Taxing Tuesday: Betting on Tax Policy? Plus: Soda Tax Retrospective!
Trying out substack's new toy ... plus remembering Cook County soda tax... thooooose were the days
The issue with having a very long-term blog is that betting markets don’t really work well with the sort of thing you look at.
When Substack announced that they were partnering with Polymarket to allow embeds of their prediction markets, I went to see if there was anything relevant to my interests:
As I write this, the betting market for “Capital gains tax increase before election day” stands at 3%. Seems a bit high to me.
Similarly, “Unrealized gains tax passed before election day” stands at 3%. Maybe 3% is the floor for these bets, because it seems this one is even less likely as its constitutionality is questionable.
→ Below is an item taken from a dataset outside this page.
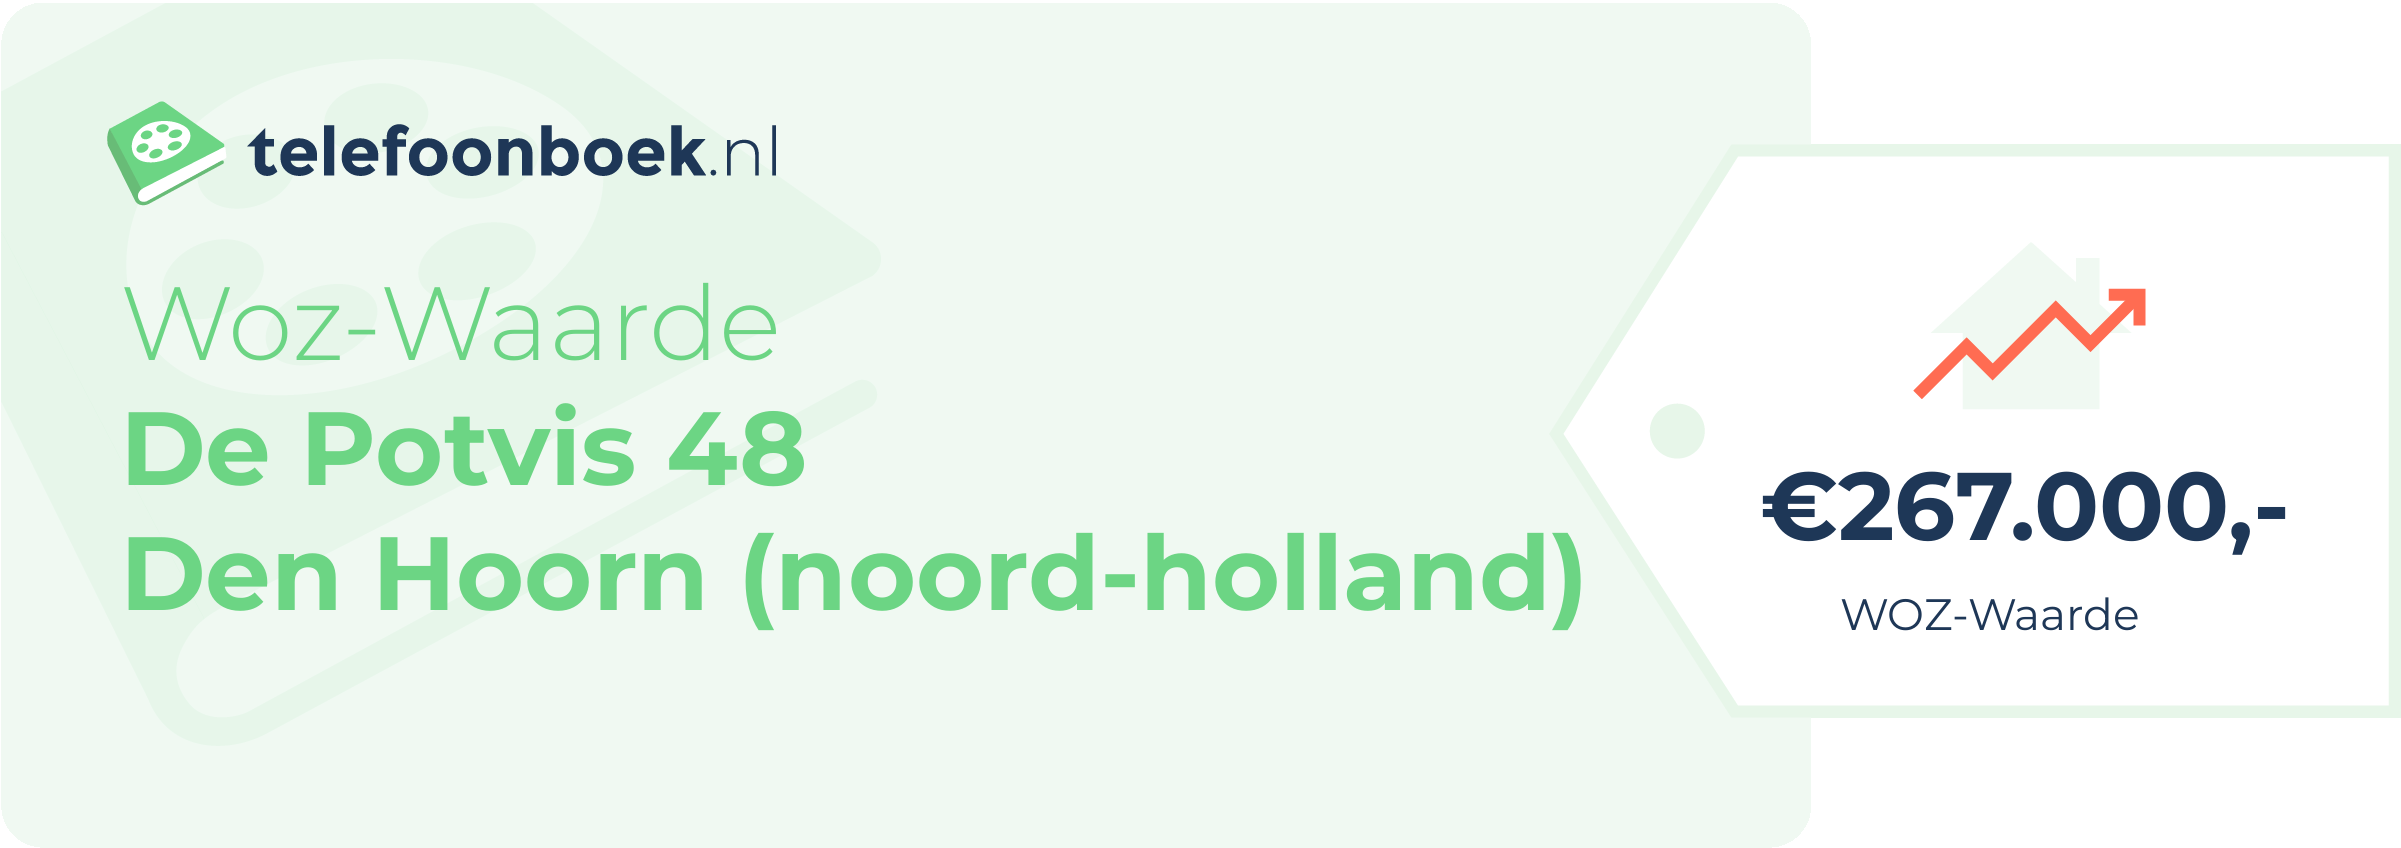 WOZ-waarde De Potvis 48 Den Hoorn (Noord-Holland)

I tried searching on “death” and “mortality”, but all I got was this:
The contract for "Will 2024 be the hottest year on record?” started in January 2024 and will close around March 2025 (estimated). Here’s the price record thus far:
It started around 64% chance.
The “record” for “hottest year on record” is this file, apparently.
The problem with these embeds is that I don’t know what happens when the “maturity date” passes. Do I get broken images then?
[Alas, I have broken images in my old blog due to both link rot and broken code.]
I wonder if substack is looking in the couch for loose change, as they’re hurting for revenue. I may be writing because this is my hobby (yes, I am weird), but I know substack is a business for them.
Speaking of hunting for loose change….
Blast from the fun past: Cook County soda tax!
This was a whole thing in 2017, and Toni Preckwinkle, President of the Cook County Board of Commissioners, pushed this as WON’T YOU THINK OF THE CHILDREN ploy (it was really a revenue grab)… and it sunk her bid as Chicago mayor in 2019.
While I pushed my own posting as “Toni, help me help you”….
…okay, I was laughing my ass off, because it was a politically stupid move for Preckwinkle, and more specifically, if you’re going to do a soda tax, they did it in an incredibly stupid way.
25 July 2017: Illinois and Chicago Round-Up: Soda Taxes, Holding Legislation Hostage, Tiffs over TIFs and More!
6 Aug Sunday Dumpery: Cook County Soda Tax, Chicago Pension Funding, and More
17 Aug Cook County Soda Tax: Look Who’s Come to Save the Day!
18 Aug Cook County Soda Tax: Persuasion and Comparisons – Why Not Tax Juice?
20 Aug Sunday Dumpery: Yes, It’s The Soda Tax – What’s It To You?
27 Aug Sunday Silliness: Soda Tax, Sierpinski Spreadsheet, and Swinish Puns
3 Sep Sunday Silliness: Cook County Soda Tax Keeps Limping Along
20 Sep Soda Tax Soda Tax, oh Soda Soda Tax: Bah Dumb Dumb Dumb
23 Sep Soda Tax Follies: The Backstory of Preckwinkle and More
You can tell from the sheer number of posts I was having fun, but I also knew it would be short-lived. It’s not just that it was a stupid idea, but Cook County had a particularly stupid way of imposing this tax.
And I did a final Cook County Soda Tax post here: Pour One Out for the Cook County Soda Tax , when the Cook County soda tax finally stopped in December 2017.
My favorite comment I made during the saga: on a post titled Soda Tax: I BETTER POST THIS WHILE IT STILL EXISTS (from October 2017)
Nobody was ever fooled that it was about the children, an evil right-wing conspiracy, or whatever.
It’s all about money.
It usually is.
But by all means, attack fellow Democrats for being in the pocket of BIG SODA. I think that will be a fabulous tactic.
(I may not have your political interests in mind, Preckwinkle. Just in case it wasn’t clear.)
Other places have imposed “soda taxes”, but not have bungled it so completely as Cook County did.
They ran afoul of federal law when they tried to impose the tax on items that SNAP benefits or WIC covered. They had all sorts of operational issues when stores, trying to follow their rules, were imposing the tax on sugarless drinks, like sparkling water (no sweeteners of any sort).
Then people noticed that these sodas had higher taxes than alcoholic beverages, and I’m like: PARTAY!
While I think soda taxes are stupid when one is claiming to try to help people lose weight (as an obese person who doesn’t drink soda) — I mean, come on. The sole intent is to raise revenue. Stop lying.
That said, there are jurisdictions with soda taxes right now. Some places seem to have been successful with soda taxes, but mainly successful as a revenue source. Not in making people lose weight. This page covers the pros/cons, but seriously, speaking as a fat person, it’s not soda that made me fat. (It’s yummy yummy food.)
The soda tax saga came at a good time for me, as August 2017 was when Stu was diagnosed with metastatic prostate cancer.
Right now, the issues aren’t as acute, but we still have stuff to deal with, so let us remember the idiocy that was soda taxes in Chicago and Cook County in general.